Order of evaluation:

An operation cannot be performed until its operands are known. When an operation is represented by a node in a binary tree, that operation cannot be performed until the children of that node have been evaluated. (This requires a postorder tree traversal.) Therefore, the structure of the binary tree imposes restrictions on the order in which operations are performed.

For example, consider the expression 20 * 3 / 4. In this expression, it is important to do the multiplication before doing the division. Our parser might construct either of two trees from this expression, only one of which is correct.

	This is the correct representation--if you evaluate the left and right children, then do the division, the result is (20 * 3) / 4 = 60 / 4 = 15.
	This is a wrong representation--if you evaluate the left and right children, then do the division, .the result is 20 * (3 / 4) = 20 * 0 = 0. (Remember, this is integer division.)

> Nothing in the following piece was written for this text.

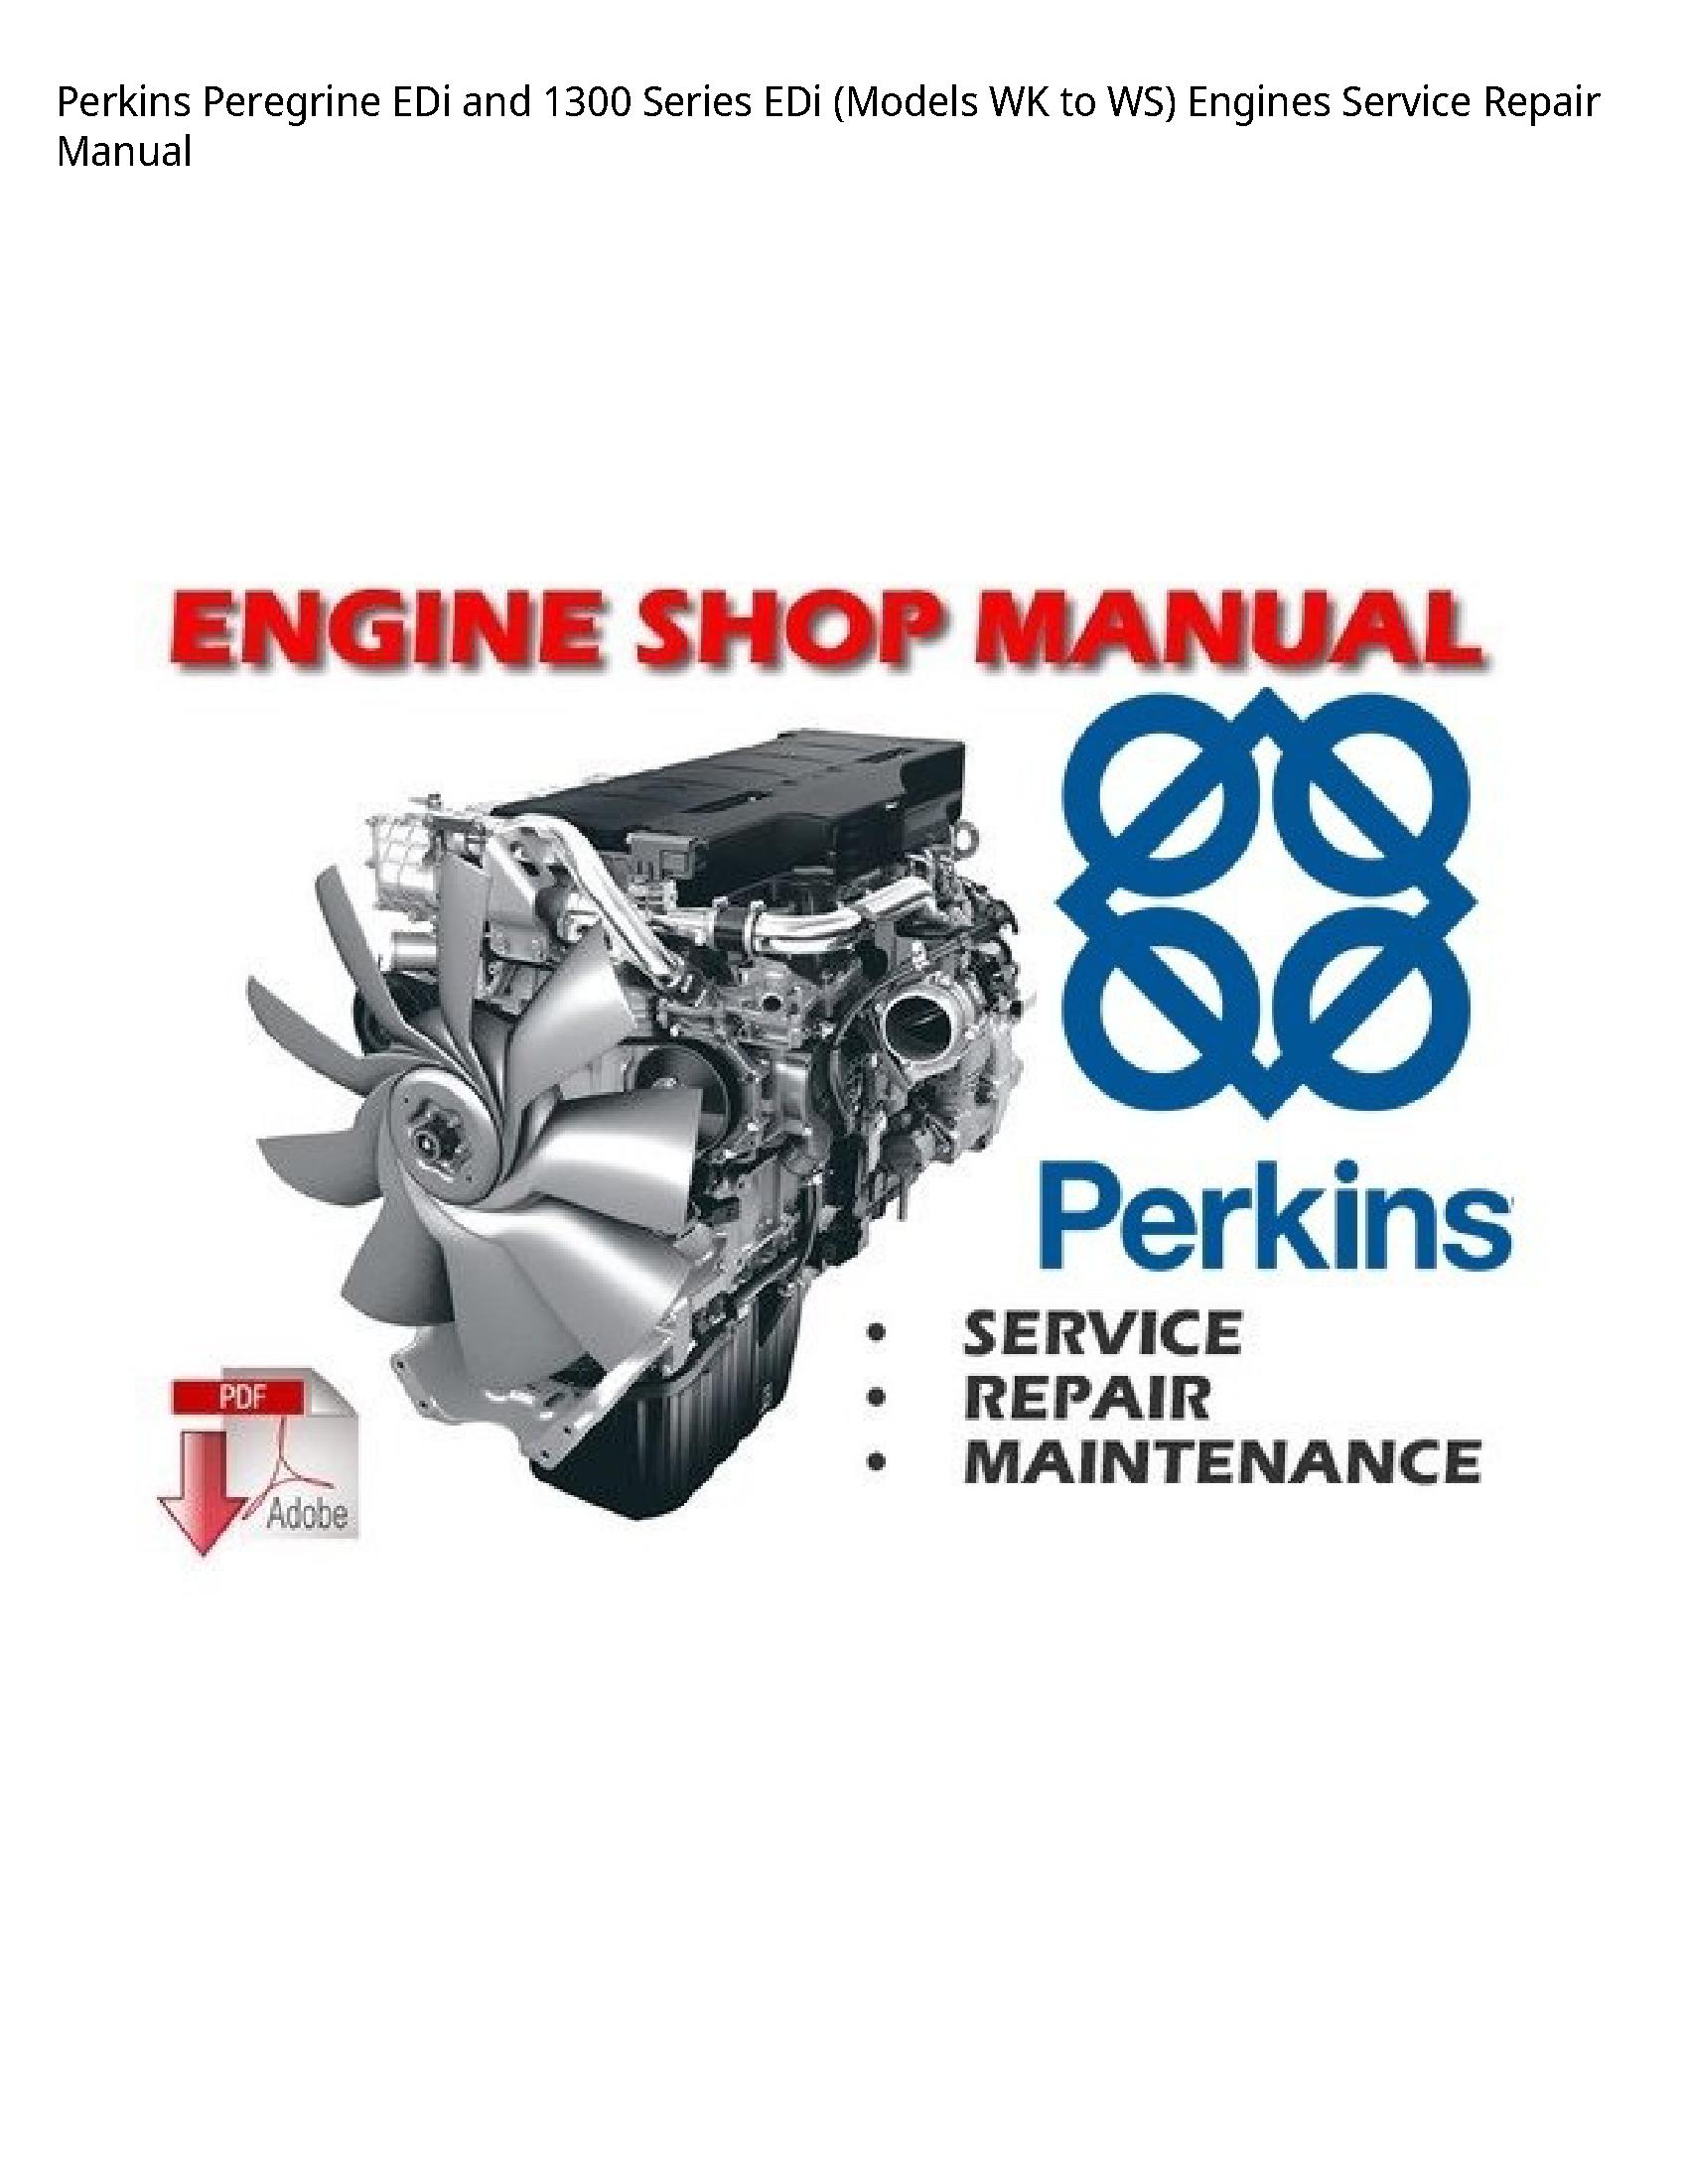 Perkins 1300 Peregrine EDi  Series EDi (Models WK to WS) Engines manual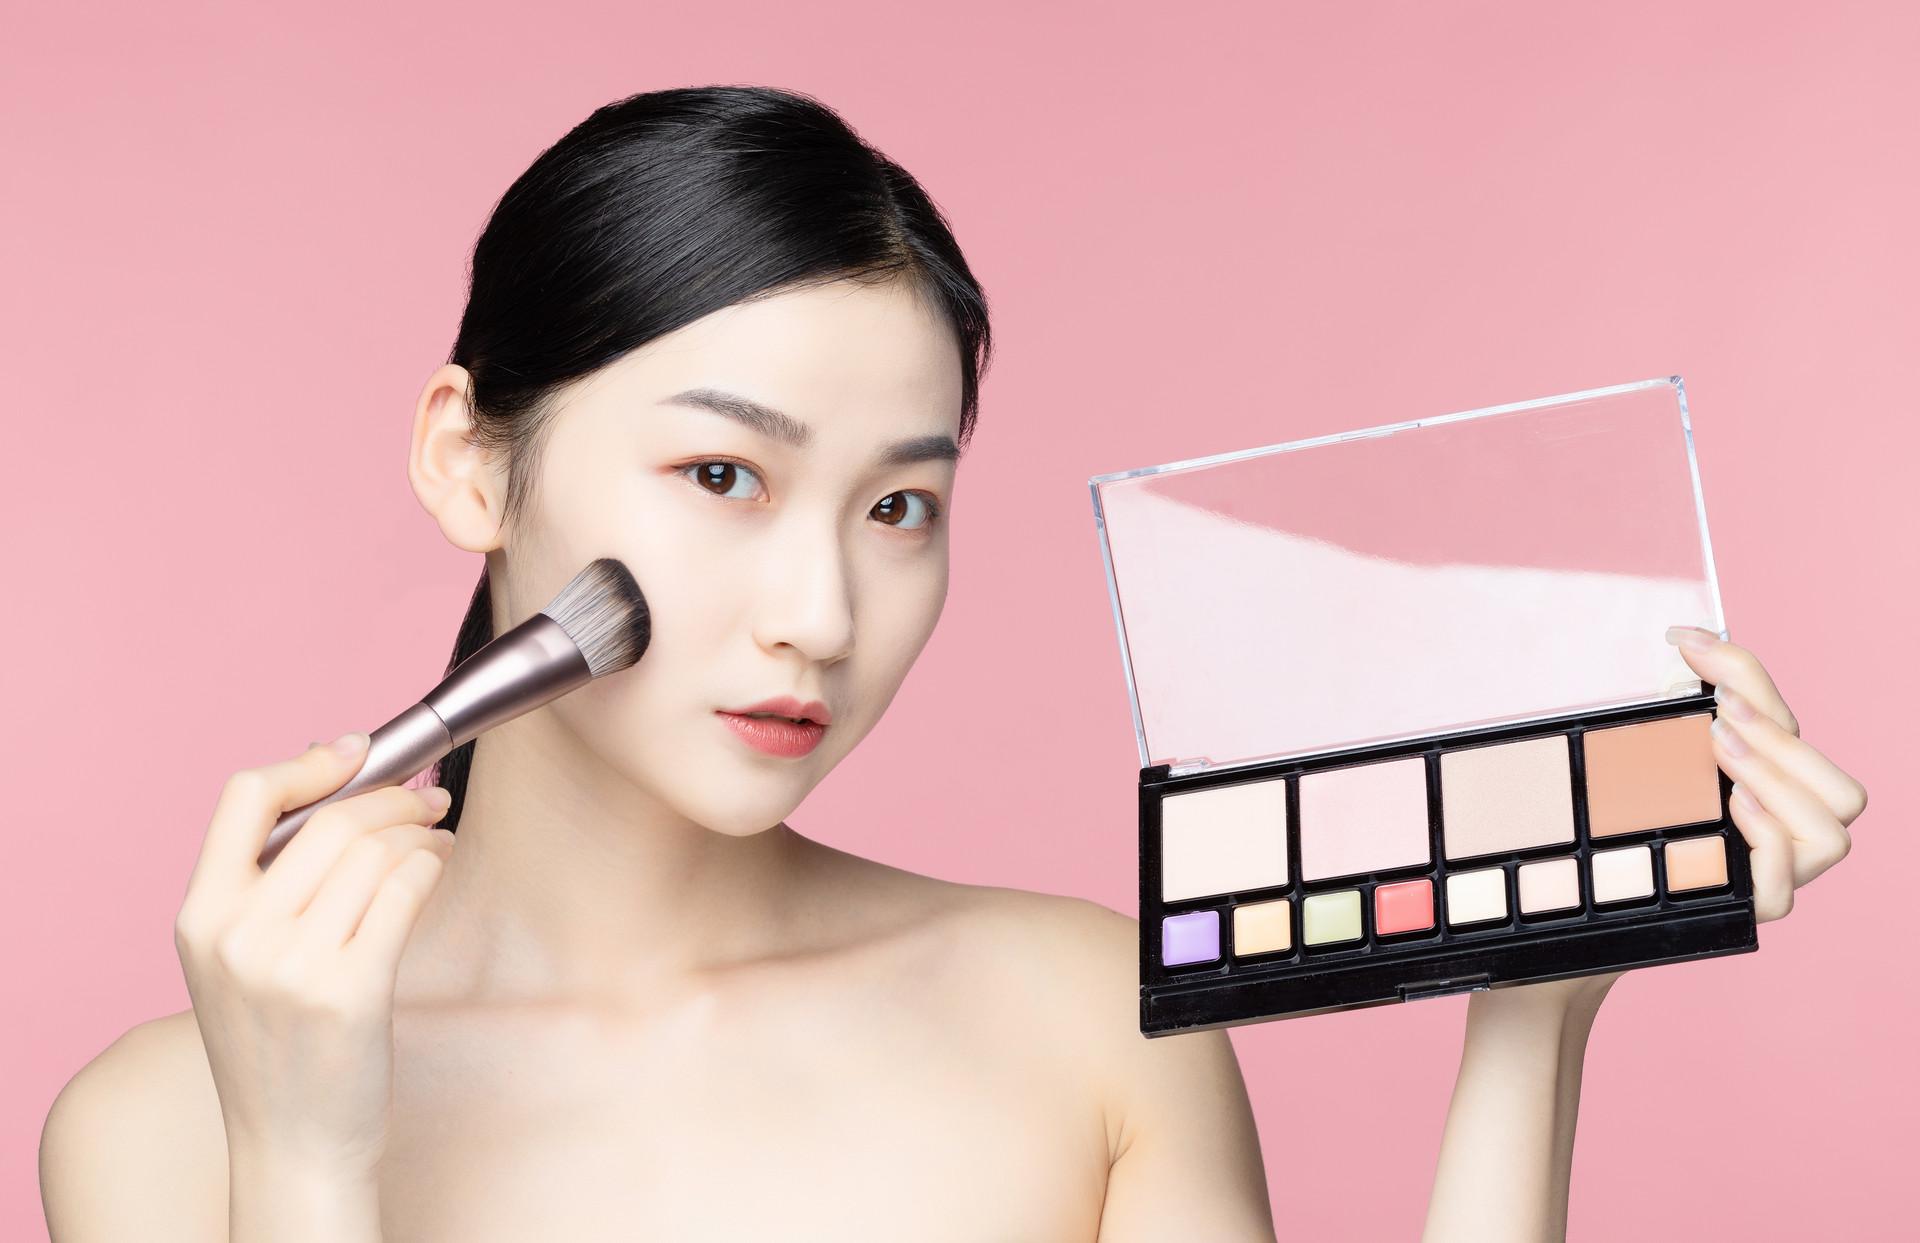 淄博哪个化妆培训机构好呢

Note that you do not evaluate expressions in the current assignment. However, you need to build the parse tree correctly so that you can evaluate it correctly in a subsequent assignment.

Starter files

Here are files Parser.java and ParserTest.java. You can probably just copy ParserTest.java, but (as noted above), you should make a copy of your Recognizer.java and rename it Parser.java. Then you can replace similarly named methods with methods from my starter code.

Due date

Thursday, March 22, Saturday, March 24, before midnight. Turn in your program via Blackboard, and follow these conventions:

• Do not use package declarations in your Java files.
• Put your files in a single directory, and zip up that directory.
• Do not include your javadoc files.